Neat idea, over all, though I wonder how it'd play out with ever escalating damage in PF.

RPG Superstar 2012 Top 16

ON comps: The problem here is now you have to make up lists of comps for each and every spell, how many you have of them, and it adds loads of bookwork which really doesn't help move the game along.

Realism, sure. Gaming? Ugh.

It also opens the door to power comps, which ARE nice, and SHOULD be tracked.

Taking any damage won't really hurt most casters. They'll take steps to minimize being hit, and be even more skittish about melee. It just takes an adjustment in tactics.

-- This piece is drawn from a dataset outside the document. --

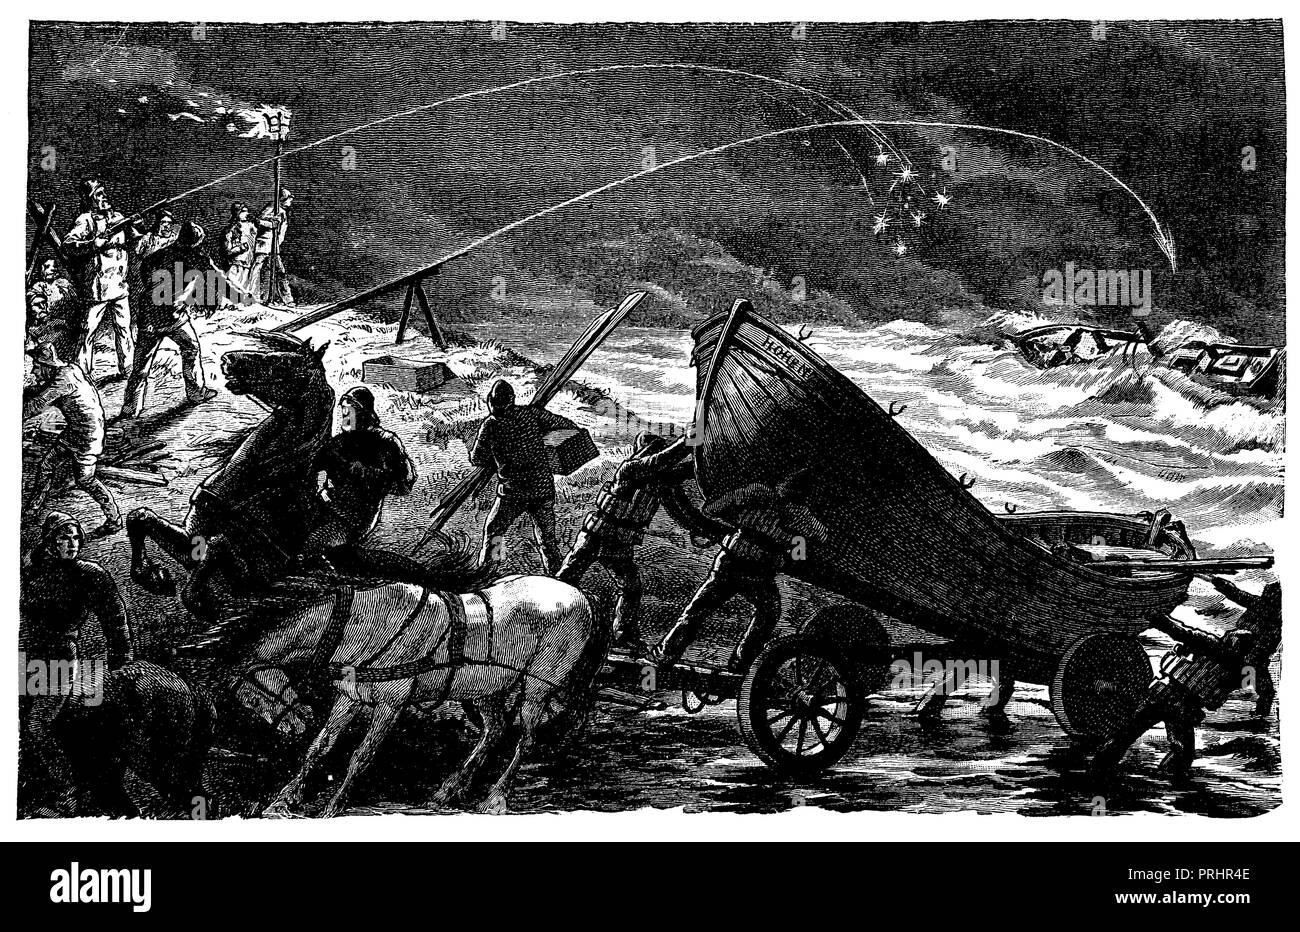 Lifeboat in action. From S. Wörishöffers 'Das Buch vom braven Mann',   1887 Stock Photo

Turning a scroll into a conduit that lets you expend your power as something else is a clever way to rethink it. However, since it doesn't allow a non-caster to use a scroll, the lack of saved power should definitely lower the price.

==Aelryinth

Liberty's Edge

There are tons of tweaks that bring full casters down a notch, but as I'm pressed for time, I'll just post a really quick and dirty one.

Quicken Spell does not exist. Only feather fall and other incredibly minor spells have less than a standard action casting time. There is no way to cast more than one spell per round except feather fall and similar spells.

"I have an app for that" spells are kicked up a spell level or two (basically anything that insta-trivializes skills), and the particularly egregious examples (Glibness) do not exist.

Not panaceas, but they help a little bit.

The Exchange

i would try something simplistic- let the fighter move and full attack with weapon specialization. this makes the fighter stronger, without doing anything to hurt the casters. this makes the fighter a mobile damage-dealer, and much more deadly as a result.

next, give fighters all 3 strong saves. this would bring them back in line with 1e fighters, who had good saves all around.

suddenly the fighter isnt so weak- he has better resistance to save or suck spells, and he can charge and full attack. the survival of a wizard depends more on tactics instead of just a quick win. all without nerfing the wizards spell list.

Scarab Sages

ShadowcatX wrote:
While it has been mentioned, words of power is a significant nerf to spellcasters.

I never looked at Words of Power before today, and not doing so was a mistake.

I really wish I had implemented them in my current campaign. I'm giving some strong considerations to implementing them in any new campaigns that I start.

I'm reading Words of Power now, and I see subtle fixes that appear to give casters a little extra utility while killing off a large number of abuses.

Thank you for pointing this out or I probably never would have looked at it.

As an example, the WoP equivalent of Arcane Eye is a level lower and doesn't take forever to cast, but the WoP Teleport is expressly restricted to places that the caster has *visited* before.

And there's no Quicken. It looks like some small buffs can be cast as immediate/swift actions, but that's it.


Face_P0lluti0n wrote:

I never looked at Words of Power before today, and not doing so was a mistake.

I really wish I had implemented them in my current campaign. I'm giving some strong considerations to implementing them in any new campaigns that I start.

I'm reading Words of Power now, and I see subtle fixes that appear to give casters a little extra utility while killing off a large number of abuses.

Thank you for pointing this out or I probably never would have looked at it.

As an example, the WoP equivalent of Arcane Eye is a level lower and doesn't take forever to cast, but the WoP Teleport is expressly restricted to places that the caster has *visited* before.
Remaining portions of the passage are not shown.